As Moshe is enlightened to the injustice around him, he has a decision to make. Does he act? Does he risk his position? When Moshe sees an Egyptian beating a Hebrew slave, he “sees no one is around” and then chooses to act. Why does he look over his shoulder? Could it be because he knows he’s about to do something that would forever change the way he’s seen by Egyptians? Is it because he thinks he can get away with it? Or, perhaps because he’s hoping someone else will step up, and he only acts when he knows he’s the only one who could step in?

One of my favorite teachings in Pirkei Avot is from Hillel: “In a place where there are no people, strive to be a person.” I like to believe that Moshe stood up because if he didn’t, no one else would. It’s important to know that each of us has a voice, even if there’s not a chorus of other voices joining in.

Close to You – Parshat Vayechi 5783

My mom is in town visiting this week, and spending time together now reminds me of that feeling when I saw her for the first time after the pandemic had kept us apart for so long. Of course I missed her hugs, her caring presence, and the face-to-face conversations, but I didn’t realize just how much I missed her until I had to wait the 45 minutes it took Duncan to drive her home from PDX. That wait was excruciating, and that first hug was like something I had never experienced before.
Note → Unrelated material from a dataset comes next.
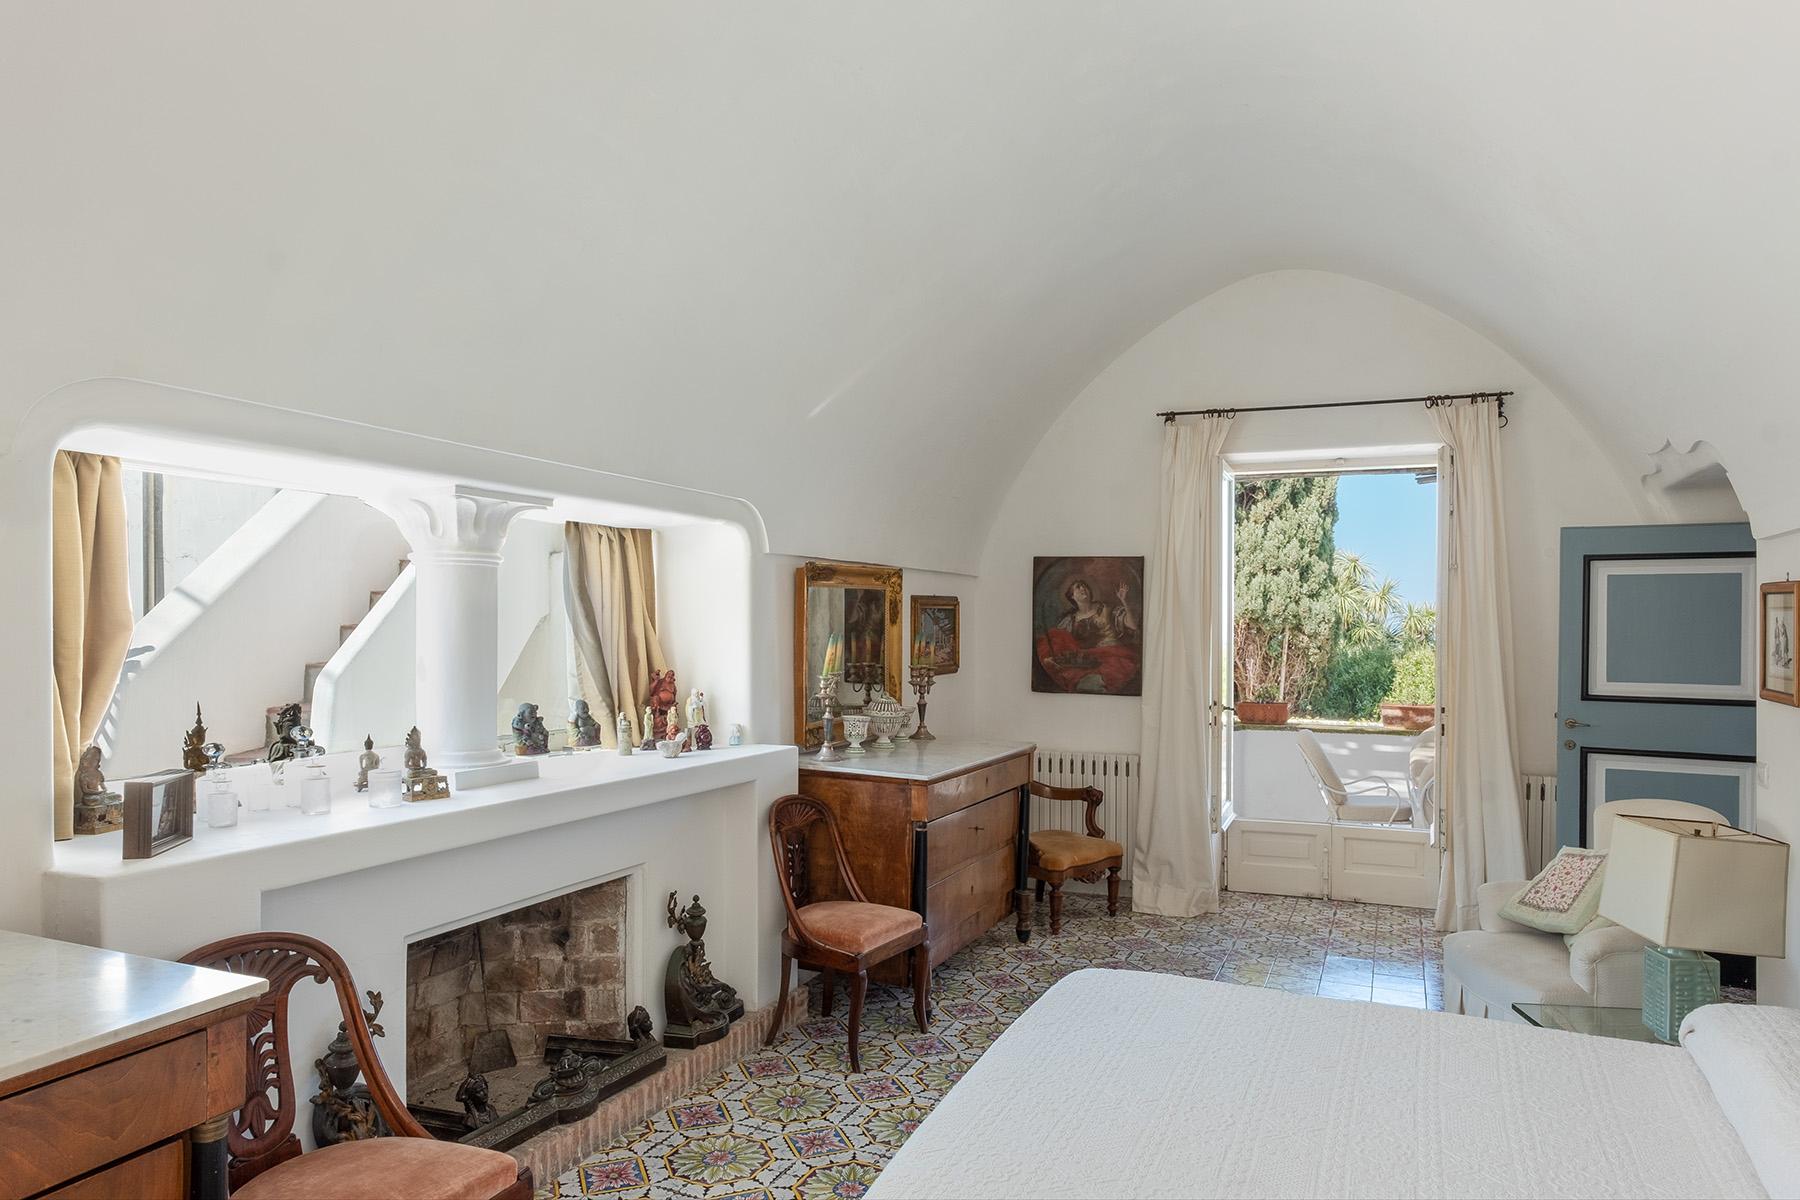 Casa indipendente in Vendita a Capri: 5 locali, 300 mq - Foto 16

There was a sense of familiarity with the feeling of sending my oldest to Camp Solomon Schechter for six days. I knew what missing a parent felt like, but I had no idea what it felt like to be the parent waiting to be reunited with my child. And similarly, it was the 90-minute drive home, while I waited patiently for her arrival, that was the hardest part of her time away. The human condition is set to miss and yearn for loved ones, and we are acutely aware of this because we feel it so deeply.
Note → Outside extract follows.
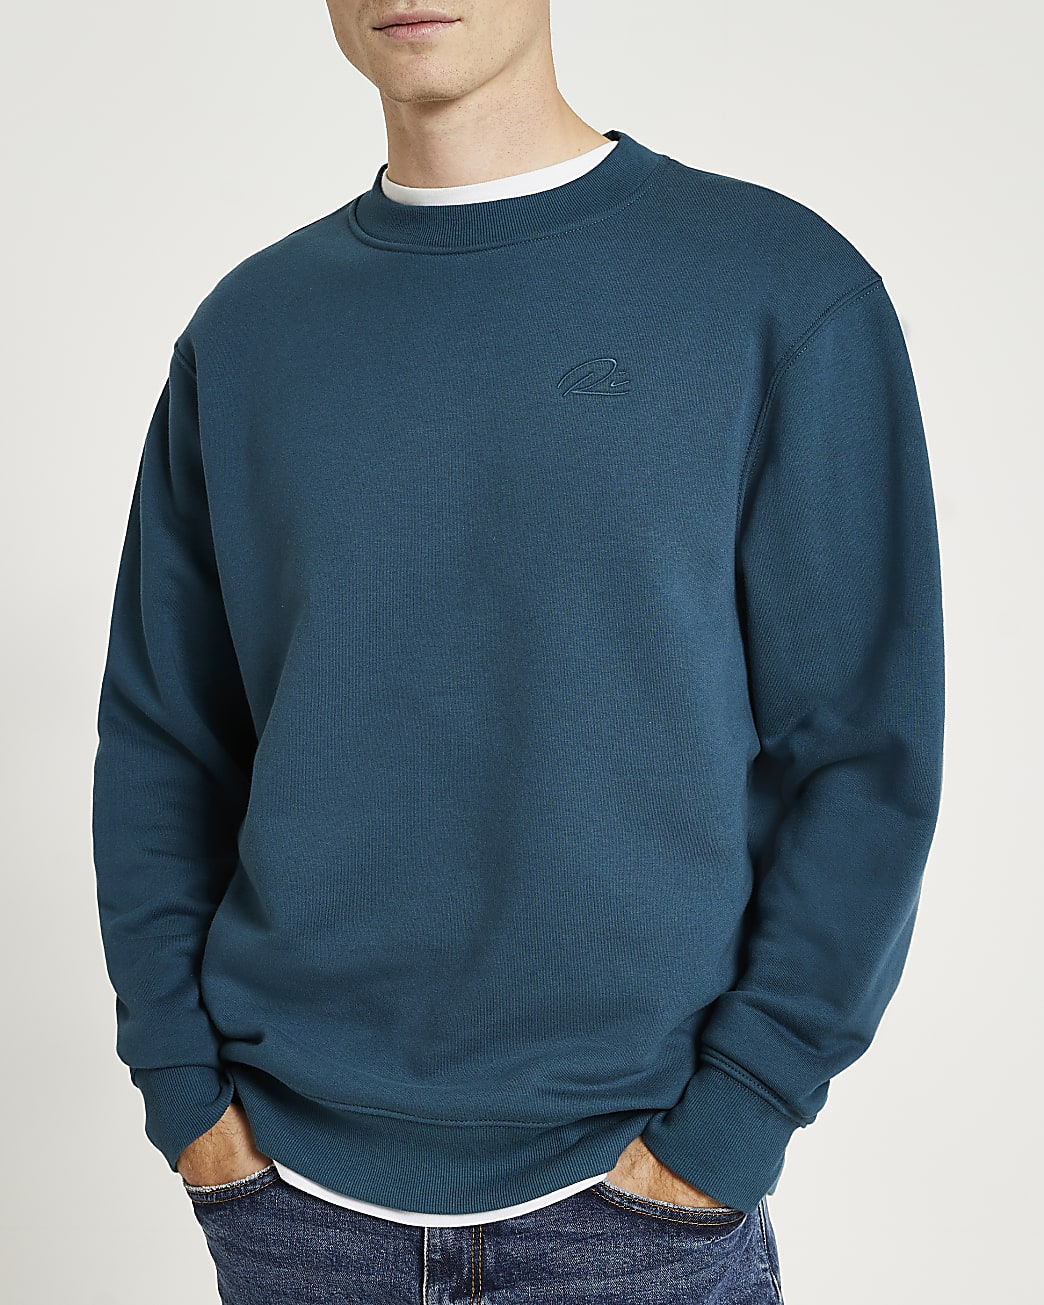 Green RI embroidered regular fit sweatshirt

This week we read Parshat Vayechi, the last in the book of Genesis. The text begins with the request of Jacob to not be buried in Egypt, and continues with Jacob blessing each of his sons in his final hours. This text ends with Joseph making the request of his kin to bury him back in Israel when they finally leave Egypt.

Throughout the last number of Torah portions, we’ve seen the reactions as family members reunite after time apart: Jacob and Esau, Joseph and his brothers, and then more intimately Jacob and his son Joseph. Each one is described with intense emotion and connection. In the past, I don’t think I truly understood the emotional charge of a long absence of physical presence. It seems like I’ve lived a lifetime since my father and grandparents passed away, and I miss them immensely, but I know they’ll never be back for a hug. 

In Parshat Vayechi, as we see Joseph “fling himself upon his father, weep and kiss him” when he dies, we are reminded of the emotional intensity in the space between physical presence and physical separation. The longing I felt in 2020 to hug my family, and the week of longing for my own child, gave me new perspective on how much that closeness really means.